Nickel-cadmium batteries are essential and irreplaceable in many industrial applications, particularly those requiring highest reliability for high power and long cycle lives at both high and low temperature. As such, Ni-Cd batteries are making important contributions to the safety of electrified public transportation, thereby contributing to the improvement of urban air quality. The materials in recyclable Ni-Cd batteries can be more than 99% recovered for reuse in the production of new Ni-Cd batteries. World-wide initiatives have been undertaken in Japan, North America, Europe, Australia and the OECD to promote the collection of Ni-Cd batteries for recycling, thereby improving overall recycling rates.
Cadmium pigments are important additives in certain specialised plastics, glasses, ceramics and enamels to achieve bright colours along with long service lives, even in very demanding applications. From an ecological point of view, it is important to develop and maintain functional products with long service lives, once again to minimise the input into the world’s waste stream. Inferior substitutes which produce shortened service lives will ultimately only increase the volume of the world’s waste. It should also be emphasised that cadmium pigments are very stable chemicals, highly insoluble, and embedded in the product’s matrix.
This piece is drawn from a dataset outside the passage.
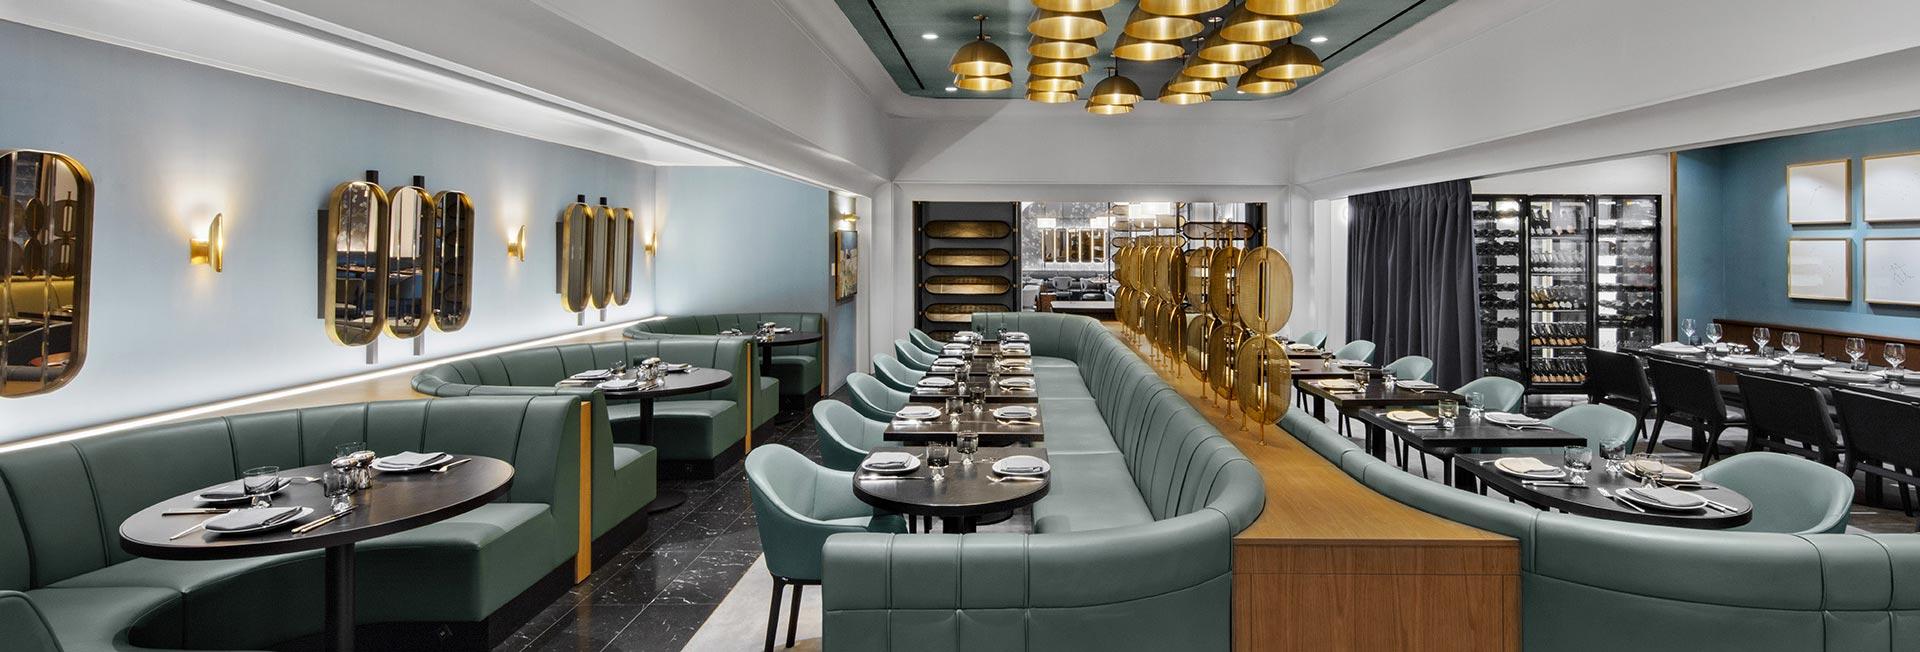 neiman-marcus-zodiac-restaurant

In most regions, Cd based PVC stabilisers have been replaced by less hazardous alternatives and are disappearing from the recycling loops. This trend is likely to continue.
Cadmium coated components, likewise, provide outstanding corrosion resistance along with low friction coefficient, low electrical resistivity, good galvanic comparability, good plating coverage, ability to coat a wide variety of surfaces, and good braze ability and solderability. For these reasons, cadmium coated products are preferred for a wide range of critical and safety related applications in the aerospace, electrical, defence, mining, nuclear and offshore industries. In addition, cadmium coating wastes and products are easily recycled.
In newer applications, like Cadmium Telluride based photovoltaic cells, CdTe is embedded in a matrix with extreme low solubility. Dedicated recycling processes have been put in place to recover cadmium from production waste and end of life cells. This ensures that new applications of cadmium are sustainable.
The recovery of cadmium from cadmium products through recycling programs not only ensures that cadmium will be kept out of the waste stream and out of the environment, but it also conserves valuable natural resources as well. Attempts to ban or restrict cadmium products are considered unnecessary, taking into account the ever-decreasing human cadmium intake level which is already well below the WHO-standard, and the very small relative contribution of cadmium products in this respect. Such measures will only have the effects of undermining extensive efforts to collect and recycle cadmium products around the world. It will also have the marked effect of reducing the European Union’s competitiveness in international markets with its attendant delocalisation of plants and losses of jobs. These conclusions have already been reached in North America and Japan which have no intention of restricting cadmium use in the manner proposed by the European Union. A similar conclusion was also reached in the OECD Risk Reduction Programme on Cadmium.
Rather than restricting cadmium products, it is argued that the European Union should co-operate with and encourage the industry’s voluntary product stewardship initiatives to collect and recycle cadmium containing products which would contribute to the sustainable and safe use of cadmium in tomorrow’s society.